Dockerised Data Science Stack (Part 3)

2020-08-27 | 2 minutes read

Tags: Data Science, Docker, OSS, JupyterHub, JupyterLab, code-server

This is the last of a three part series on how to set up a self-hosted, internet-facing, dockerised Data Science Stack.

Reverse proxy: Træfik
Git repository server: GitLab
- Including Mattermost
Data Science Hub: JupyterHub
- IDE: JupyterLab + code-server
- Languages: Julia, Python and R

See https://gitlab.b-data.ch/docker/deployments/jupyter on how to get JupyterHub up and running.

The default configuration uses an R-based JupyterLab Image.

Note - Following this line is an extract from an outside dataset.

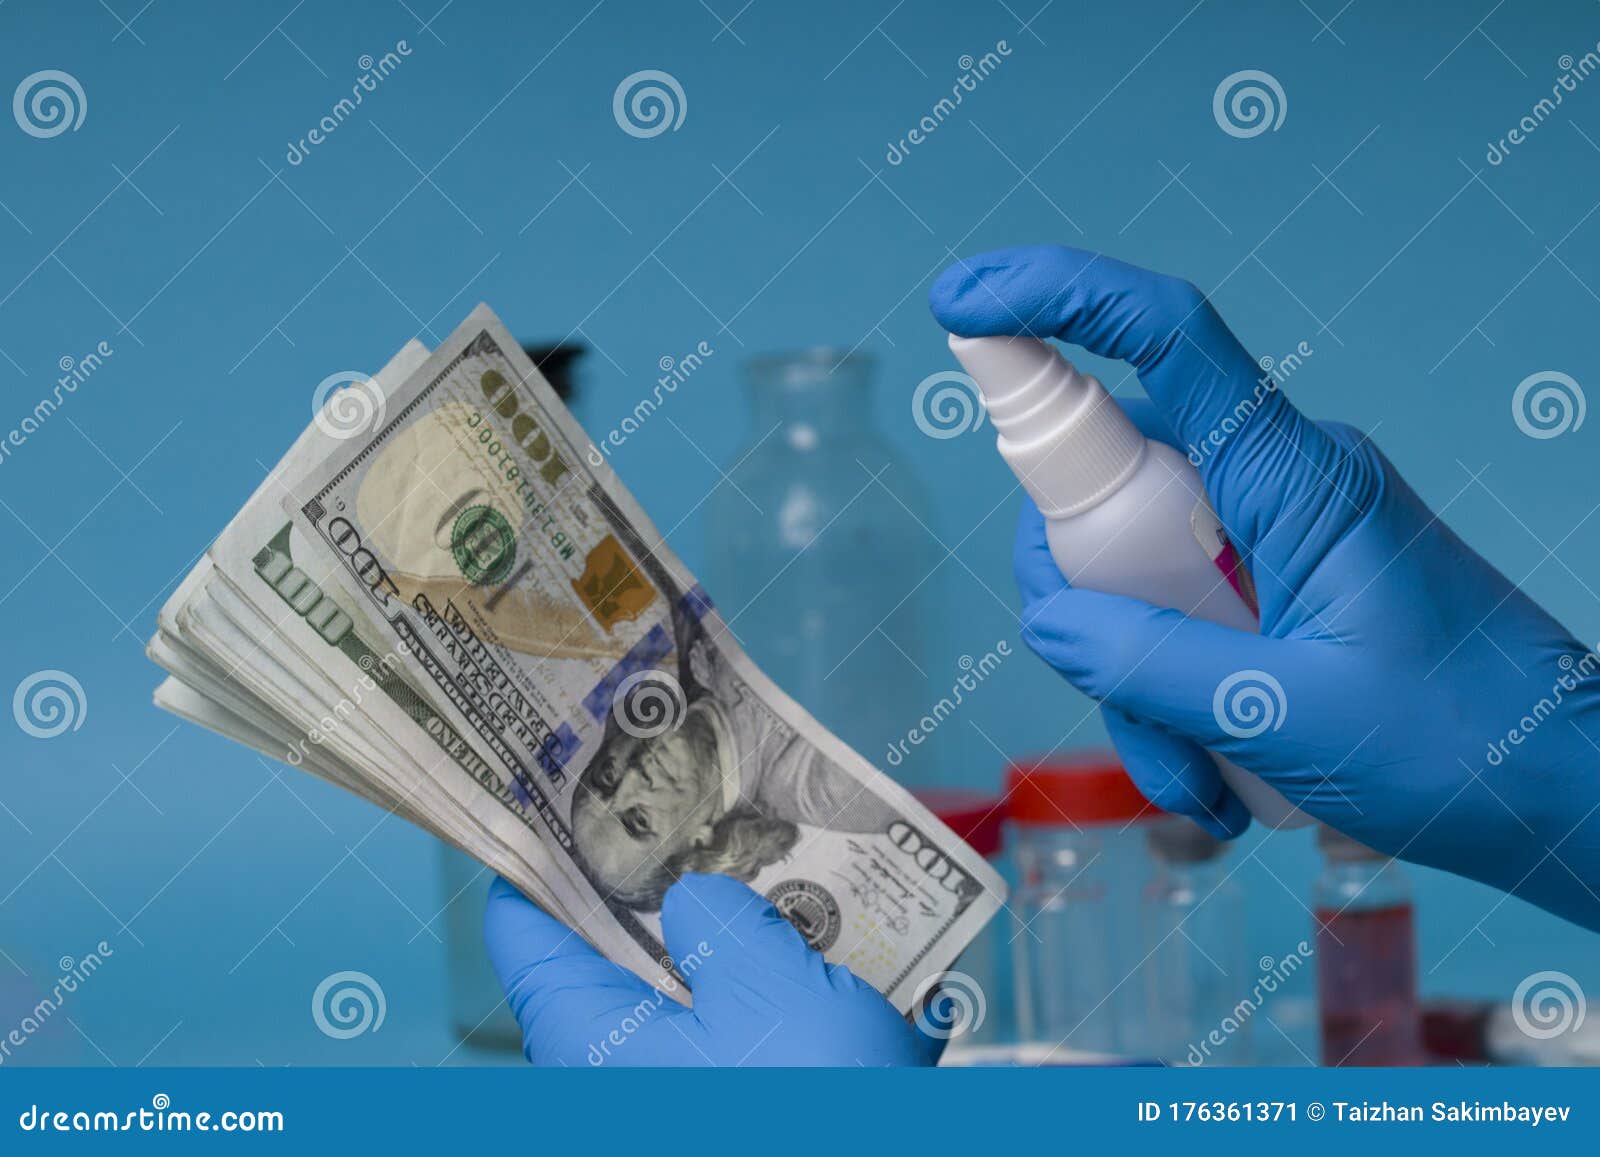 disinfecting banknotes to stop spread of coronavirus. sterilize dollar banknotes

If you are more interested in Julia, simply change the environment variable DOCKER_JUPYTERLAB_IMAGE to glcr.b-data.ch/jupyterlab/julia/ver.

This deployment should also work with the Jupyter Docker Stacks, a set of ready-to-run Docker images containing Jupyter applications and interactive computing tools.

About code-server

Run VS Code on any machine anywhere and access it in the browser.

Highlights

Code everywhere

Code on your Chromebook, tablet, and laptop with a consistent development environment.

Develop on a Linux machine and pick up from any device with a web browser.

Server-powered

Take advantage of large cloud servers to speed up tests, compilations, downloads, and more.

Preserve battery life when you’re on the go as all intensive tasks runs on your server.

Make use of a spare computer you have lying around and turn it into a full development environment.

— cdr/code-server: VS Code in the browser

JupyterLab: Jupyter’s Next-Generation Notebook Interface

JupyterLab is a web-based interactive development environment for Jupyter notebooks, code, and data. JupyterLab is flexible: configure and arrange the user interface to support a wide range of workflows in data science, scientific computing, and machine learning. JupyterLab is extensible and modular: write plugins that add new components and integrate with existing ones.

— Project Jupyter | Home

What is JupyterHub?

JupyterHub brings the power of notebooks to groups of users. It gives users access to computational environments and resources without burdening the users with installation and maintenance tasks. Users - including students, researchers, and data scientists - can get their work done in their own workspaces on shared resources which can be managed efficiently by system administrators.

JupyterHub runs in the cloud or on your own hardware, and makes it possible to serve a pre-configured data science environment to any user in the world. It is customizable and scalable, and is suitable for small and large teams, academic courses, and large-scale infrastructure.

— Project Jupyter | JupyterHub